I’ve just picked out a handful of the poems as a taster for the whole book but I see what I’ve done and I’m going to air it before any criticism.  I haven’t mentioned any female poets.  There is a gender bias in the book anyway with, after a quick count, 16 of the 61 poets women and there are women poets of great calibre.  I really enjoyed the selections by Carol Ann Duffy, Dilys Rose and Coral Rumble, for example, but I’m also aware that on this occasion I found myself going back to re-read the poems by the men mentioned.  Is this some gender related thing in that I found when looking back to childhood it was the male poets that spoke most to me or is it just coincidence?  I don’t know and it’s probably best not to get stressed out about what is a highly readable, very entertaining selection of poems from the best of modern children’s poets.

fourstars

Michael Rosen’s A-Z was published by Puffin in 2009

Quick, Let’s Get Out Of Here – Michael Rosen (1983) – Kid-Lit Review

imagesYC433BKV                    quickThis for me is the greatest collection of children’s poems.

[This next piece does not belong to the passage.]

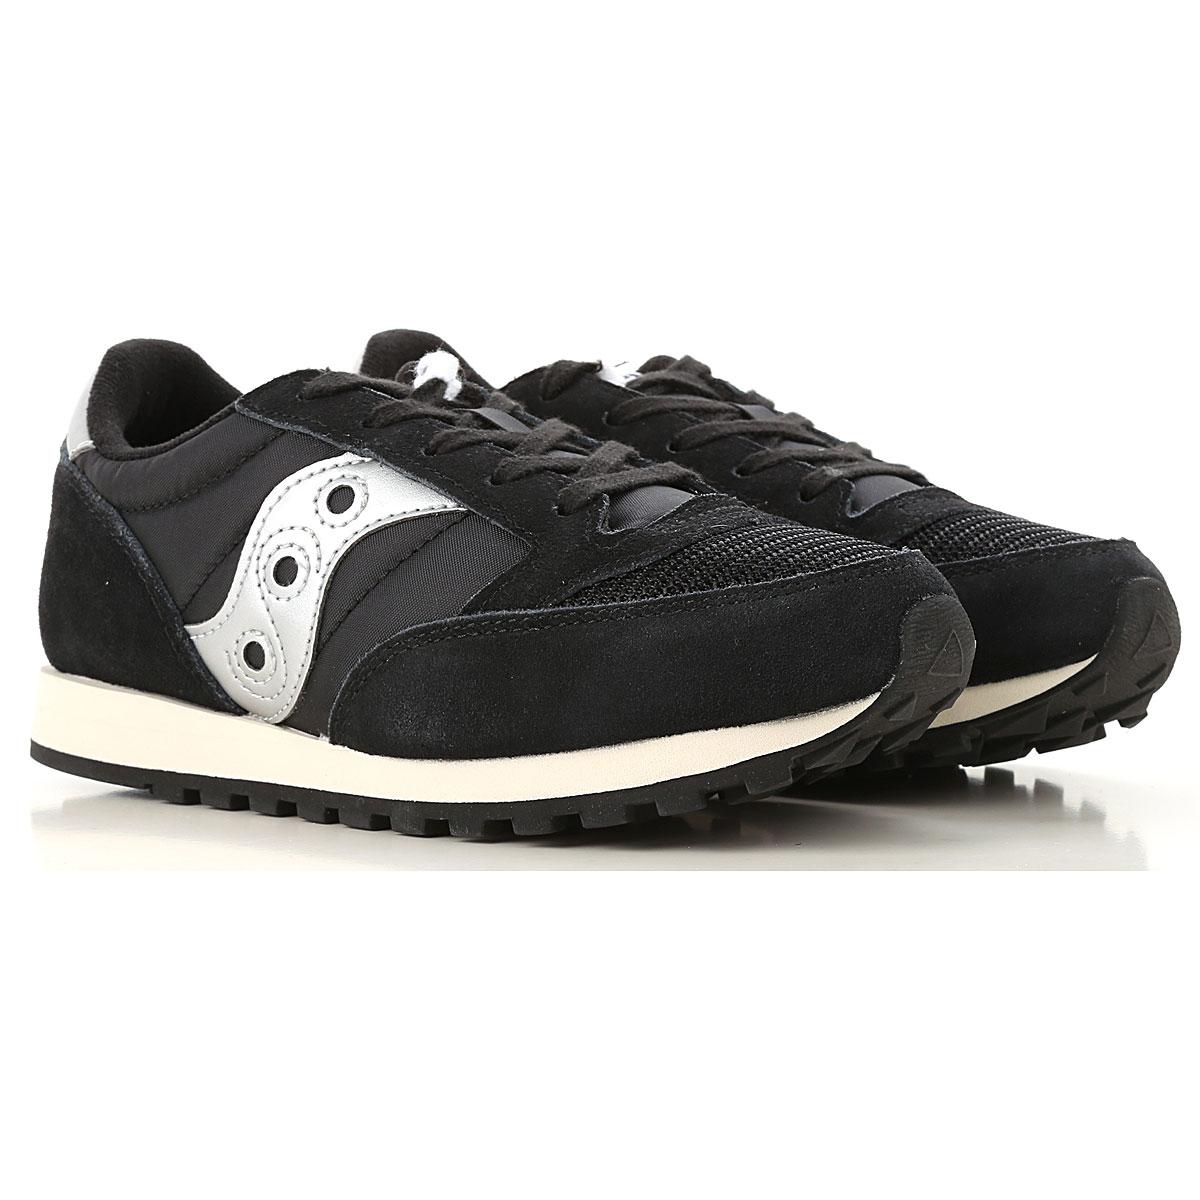 Image of Saucony Kids Shoes for Girls, Black, Suede leather, 2017, Toddler 10.5 - Ita 27 UK 10.5 - EUR 28 Toddler 12 - Ita 29 Toddler 13 - Ita 31 UK 12 - EUR 30 UK 13.5 - EUR 32 Child 2 - Ita 33.5 Child 3 - Ita 35

My well-thumbed copy was always an essential part of my teaching equipment when I was teaching in Primary schools and it saved me many times during my career. How much I loved the enthusiasm that the children always had for these poems, especially the sequence of Eddie poems, which is what makes this collection stand out from the rest of Rosen’s work. In recent years these poems have added poignancy as Rosen’s son Eddie died from meningitis as a young man. This group of poems dotted throughout the book provides a memorial more vivid than baby photographs. “Eddie in Bed,” “Eddie & The Wallpaper”, “Eddie & The Nappy”, and “Eddie & The Birthday,” in particular are brilliant snapshots of life with a toddler. Poems that recall episodes in the poet’s past are full of the vitality of children’s language, something Rosen does so well, together with the tinge of guilt of recalling past ‘naughty moments’, which speaks directly to children hearing or reading these. “Washing Up”, “Chocolate Cake”, “The Watch”, “Go Kart” and “Gymnastics” take all adults back to their own childhoods and are superb examples of accessible poetry. I’d also like to single out a quieter poem, that when teaching I tended to overlook. “Platforms” is a sweet, mellow tale about waiting for a loved one and its inherent sense of anticipation, boredom and relief. In just a few lines Michael Rosen is able to encapsulate so much. You get a real blast of personal nostalgia just reading this. When teaching I was lucky enough to book Michael Rosen to come and talk to the pupils on a couple of occasions (at different schools) and children love this man. This book explains why.